HB-EGF

Heparin-binding EGF-like growth factor (HB-EGF) is a member of the epidermal growth factor (EGF) family, which bind to and activate EGF receptor (EGFR) and ErbB4. HB-EGF has been implicated in several physiological and pathological processes in mice, including heart muscle homeostasis, heart valve development, eyelid closure, skin wound healing, skin hyperplasia, lung development, blastocyst implantation and tumorigenesis. Like other EGF family members, HB-EGF is synthesized as a type I transmembrane protein (proHB-EGF).

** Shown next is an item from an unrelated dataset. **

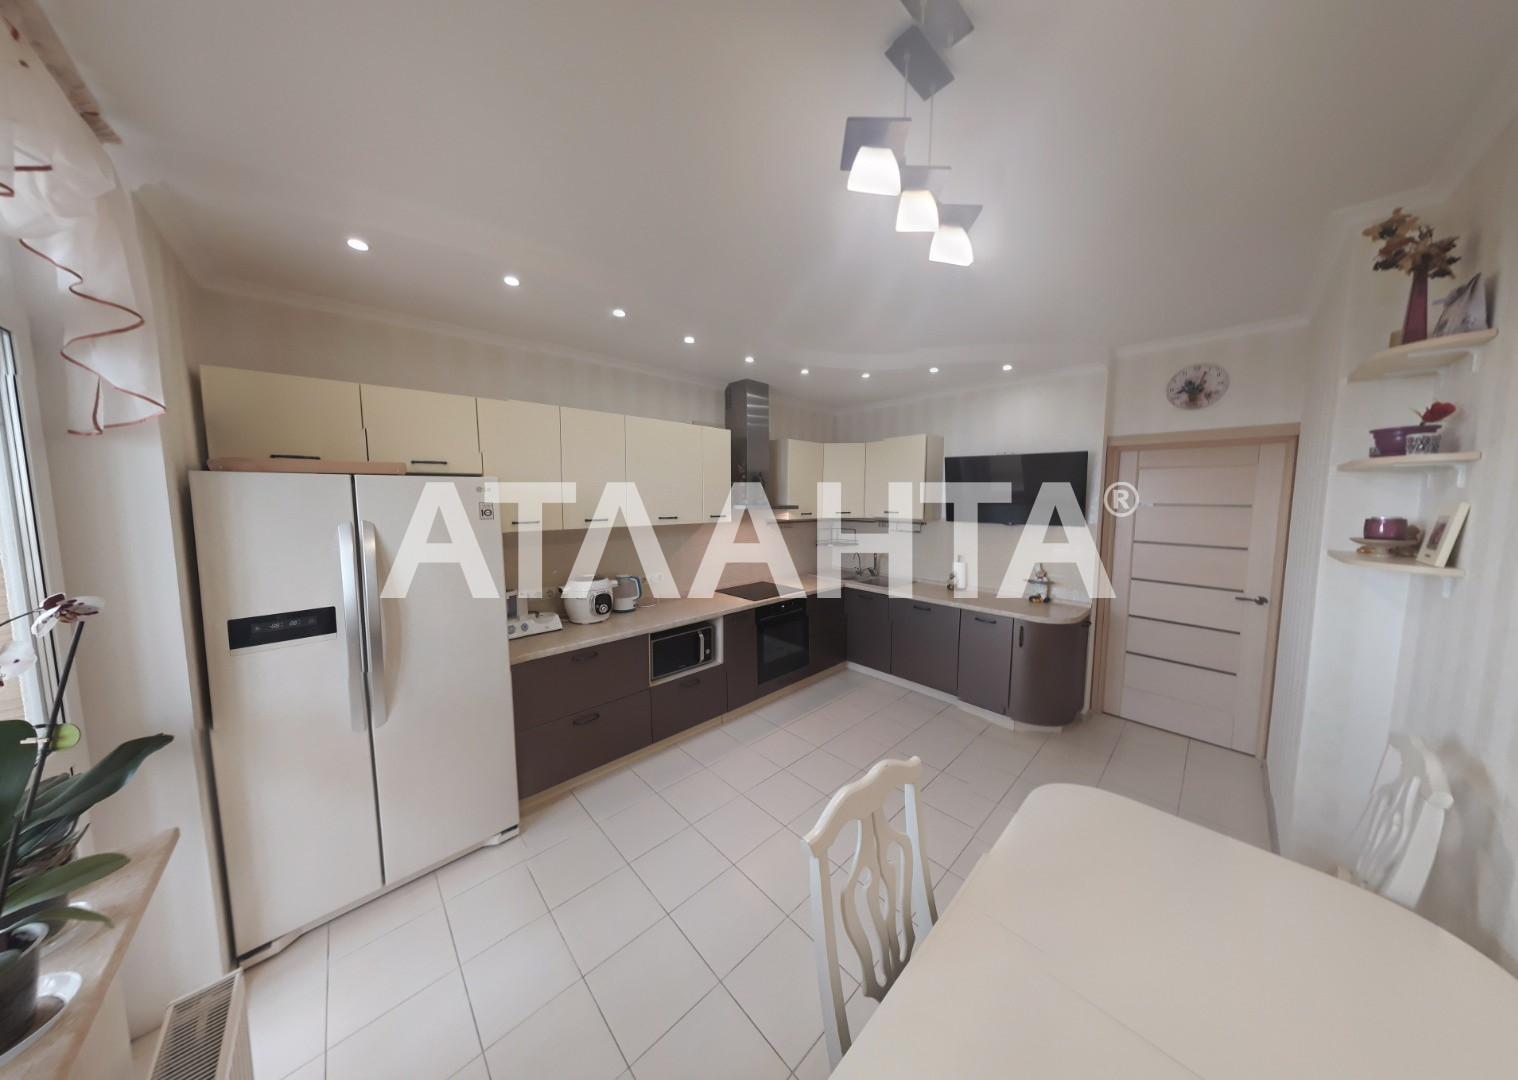 Продается 3-комнатная Квартира на ул. Ул. Максимовича — 153 000 у.е. (фото №2)

ProHB-EGF is biologically active as a juxtacrine growth factor that signals to neighboring cells in a non-diffusible manner; it also functions as the receptor for diphtheria toxin. ProHB-EGF is cleaved at its juxtamembrane domain by metalloproteases, in a process called ectodomain shedding. Ectodomain shedding of proHB-EGF yields soluble ectodomain of HB-EGF (sHB-EGF) and a remnant carboxy (C)-terminal fragment (HB-EGF-C). sHB-EGF is a potent mitogen and chemoattractant for cells expressing its cognate ErbB receptor. Studies of mice expressing an uncleavable mutant form indicate that the major functions of HB-EGF are mediated by sHB-EGF. Dysregulated shedding of HB-EGF can also cause severe abnormalities, as shown in knock-in mice expressing a transmembrane domain-truncated HB-EGF mutant. Thus, ectodomain shedding is a critical process that must be strictly controlled for HB-EGF to function. On the other hand, HB-EGF-C also functions as a signaling molecule. Subsequent to shedding, HB-EGF-C is phosphorylated and translocates into the nucleus, where it binds to and regulates several nuclear factors. HB-EGF has a high affinity for heparin and heparan sulfate, and the binding of heparan sulfate upregulates HB-EGF activity. Although the heparin-binding domain is not essential for the activity of HB-EGF, this domain suppresses the activity of the EGF-like domain, and binding of heparin or heparan sulfate to it removes the suppressive effect. Thus heparin sulfate proteoglycans (HSPGs) are also important regulators of HB-EGF functions.